Custom curtain length comparison infographic showing sill-length, floor-length, and puddle-length measurements



Why Curtain Length Can Make or Break Your Room's Design

Here's something most people don't realize until they've already made the wrong choice: curtain length has a bigger visual impact than curtain color, pattern, or even fabric. I've seen gorgeous hand-printed linen curtains look absolutely terrible because they stopped at that no-man's-land between the windowsill and the floor. And I've seen plain white polyester panels look surprisingly elegant because they were the perfect length.

 

Why does this happen?

Curtains are one of the largest vertical elements in any room. Your eye naturally follows them from top to bottom, and where they end sends a powerful signal. Too short, and the room feels stunted — like wearing pants that are two inches too short. Too long without intention, and it reads as sloppy rather than luxurious.

 

The length also directly affects how tall your ceilings appear. Mounting curtains close to the ceiling and letting them fall to the floor creates an unbroken vertical line that tricks the eye into perceiving more height. I measured this effect in a client's apartment with 8-foot ceilings: hanging curtains 4 inches below the ceiling versus directly at the window frame made the room feel roughly 6–8 inches taller, according to the client and three of her friends who visited that week. Not scientific, sure. But the perception was unanimous.

 

The wrong length can also make expensive furniture look cheap by association. Interior designers call this the "context effect" — every element in a room borrows credibility from its neighbors. Short, awkward curtains drag down everything around them.

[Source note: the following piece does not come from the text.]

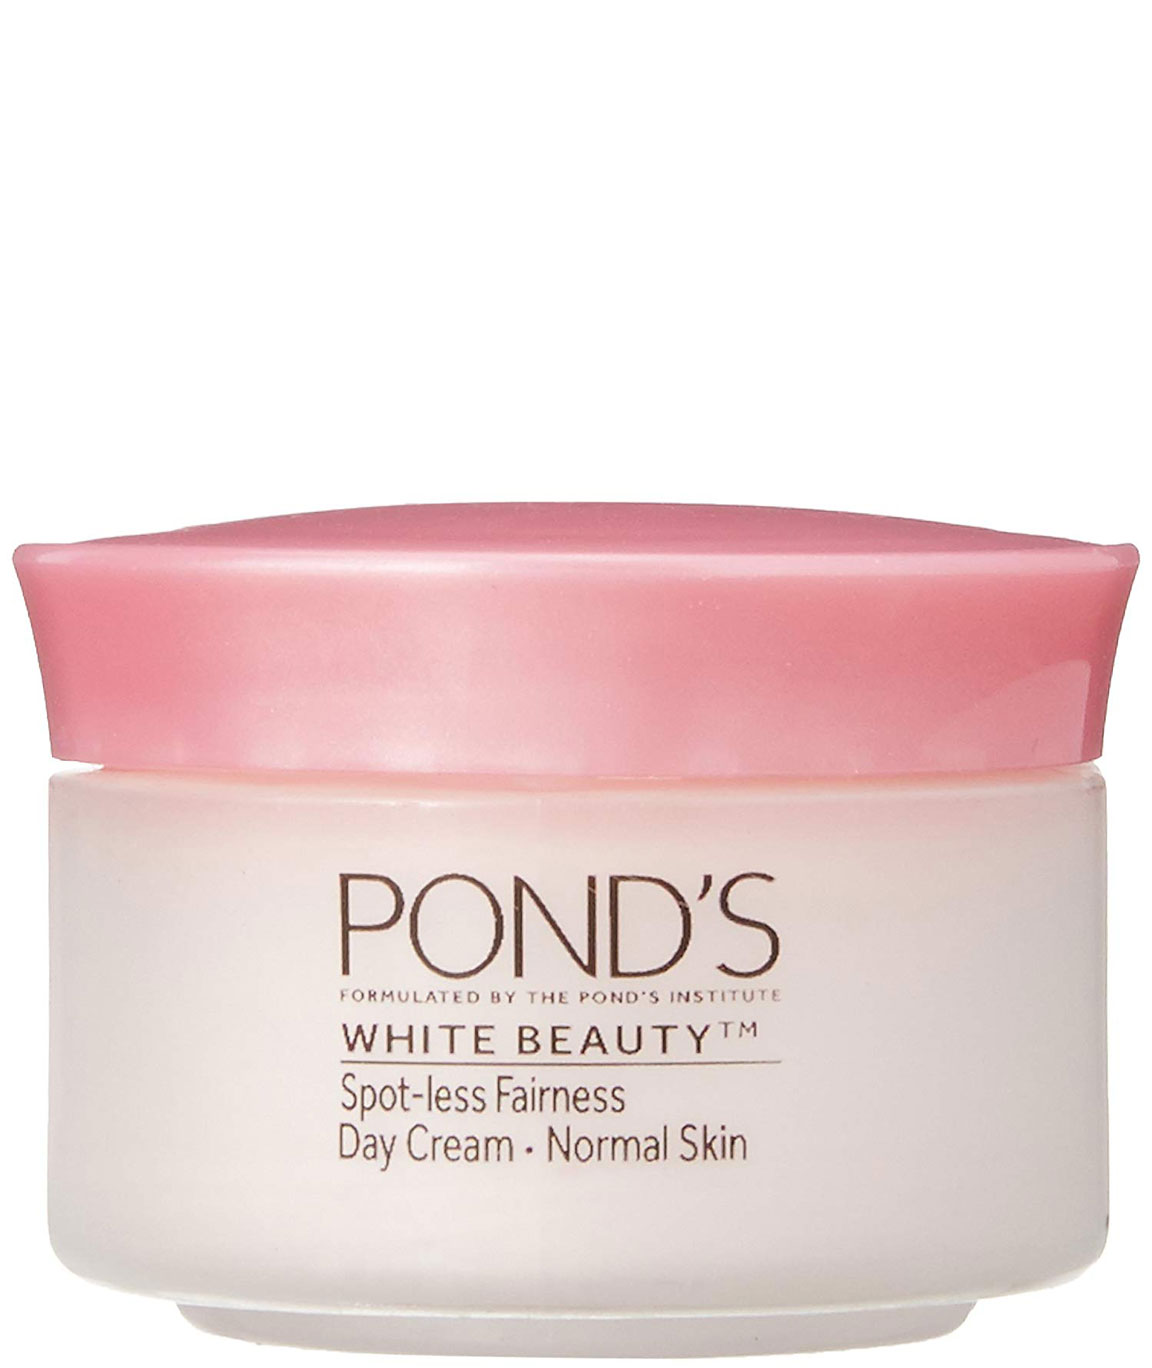 PONDS White Beauty Spot-less Fairness Day Cream, 23gm

Before and after comparison showing how curtain length affects room perception - too-short curtains versus floor-length custom curtains


Standard Curtain Lengths vs. Custom Measurements: What's the Difference?

Walk into any home goods store — Target, IKEA, Pottery Barn, you name it — and you'll find curtain panels in a handful of standard lengths: 63", 84", 96", and sometimes 108". These sizes work for a surprisingly narrow range of windows and mounting heights.

 

Here's the problem. Your windows don't care about standard sizes.

If your ceiling is 9 feet high and you want to mount the rod 4 inches below the ceiling line (which you should — more on that later), you need a curtain that's roughly 104 inches long to just kiss the floor. That's not 96". It's not 108". It's an awkward in-between that no standard panel covers.

 

Custom curtains solve this by being made to your exact measurements, down to the quarter inch. Here's a quick comparison:

Feature Standard / Ready-Made Custom Made
Available lengths 63", 84", 96", 108" Any length you specify
Precision Closest standard size Exact to ¼"
Hem adjustment DIY or tailor needed Built into the order
Fabric options Limited per length Full fabric library
Price range $15–$80 per panel $50–$400+ per panel
Lead time Immediate / 2-day shipping 1–4 weeks typically

 

When does custom actually matter? Honestly, if your windows are a standard height, your ceilings are 8 feet, and you're mounting the rod at the window frame, an 84" ready-made panel might work just fine. I'm not going to pretend custom is always necessary — that would be dishonest.

 

But the moment you have tall ceilings, unusually wide windows, arched frames, or you want a specific drop style (like a controlled 2-inch puddle), custom is the only way to avoid that "close enough" look that's never quite right. And "close enough" is the enemy of good design.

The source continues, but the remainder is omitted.